I switch over to Youtube to watch a few videos, since watching the main chat is depressing. Chris jumped on while keeping himself invisible, and I switched my icon to dark about an hour before he showed up.

Once I was writing I didn’t want to be bothered.

So I’ve watched him flirt with some new writers and shake my head.

I’m not ready for that conversation, so I leave it alone.

I don’t have the mental capacity after the day I’ve had.

I go ahead and take my apology picture of my tits without my face in the photo.

That’s one thing I always remain cautious about, and turn my status to available.

I read over his message again, letting the words hit home; but I take a breath and load the picture. Sending it to him, I put in my “Good night, handsome” message and then go invisible again.
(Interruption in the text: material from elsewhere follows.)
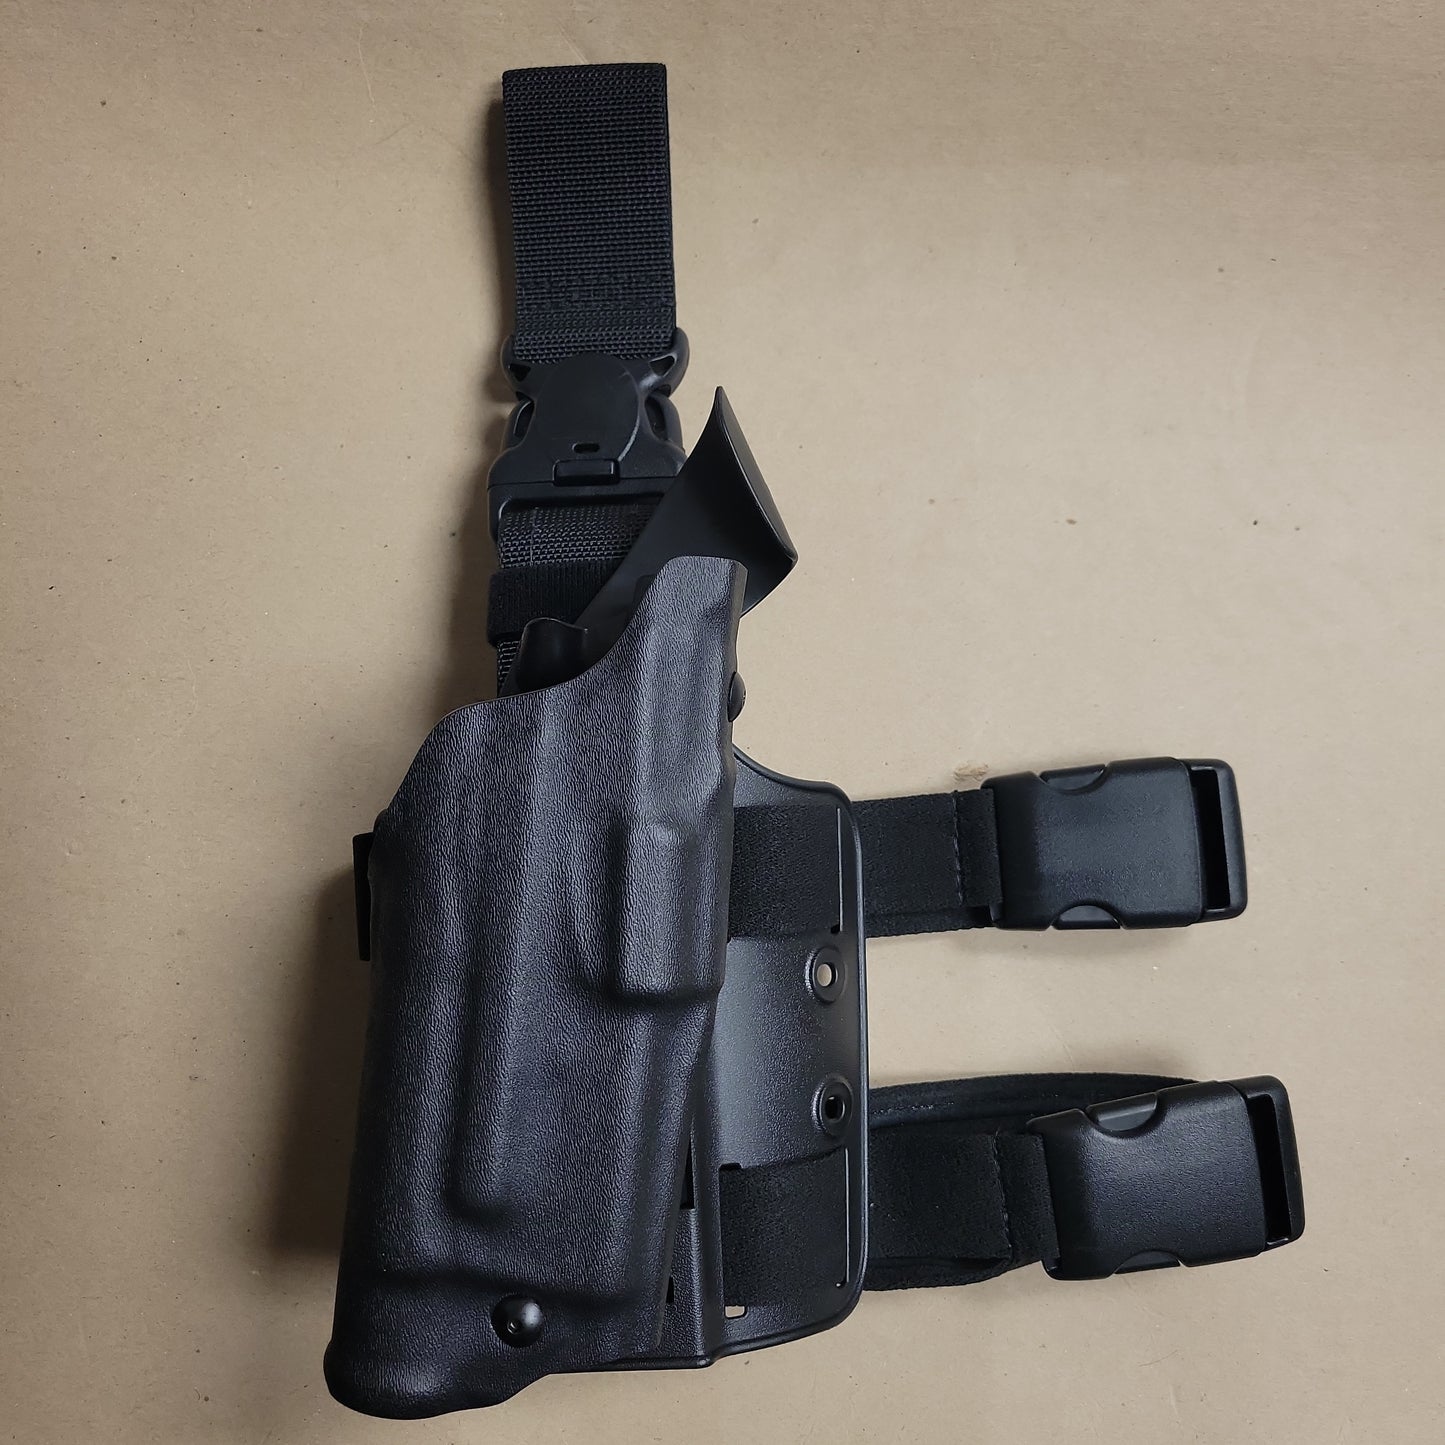 Safariland Holster Tactical STX RH for Glock 19/45 Gen3-5/G23 Gen3-4 w/TLR1 6355-28325-131

Just as I’m about to give up and assume my demon went to sleep, a message pings in our window. Assuming he wrote a novella sized post, I click back over and blink several times when I read the message on the screen.

Demon

I’m so sorry, I got pulled away. Did you come?

I’m still blinking, reading the message twice, and then reading the last post I sent him.

We weren’t doing anything sexual. As much as I hate it, I do respect that Chris doesn’t want me doing that with anyone else while we’re working on whatever this relationship is trying to be.

After a moment, he must realize that he sent that message to the wrong person.

Demon

Oh fuck… That wasn’t… I– fuck.

I’m laughing at my screen as I read his panicked words. My demon has a little side piece getting him off with smut while he writes the clean shit with me. It’s safe to say that I’ve escaped reality, and I’m thoroughly enjoying where the night has taken me.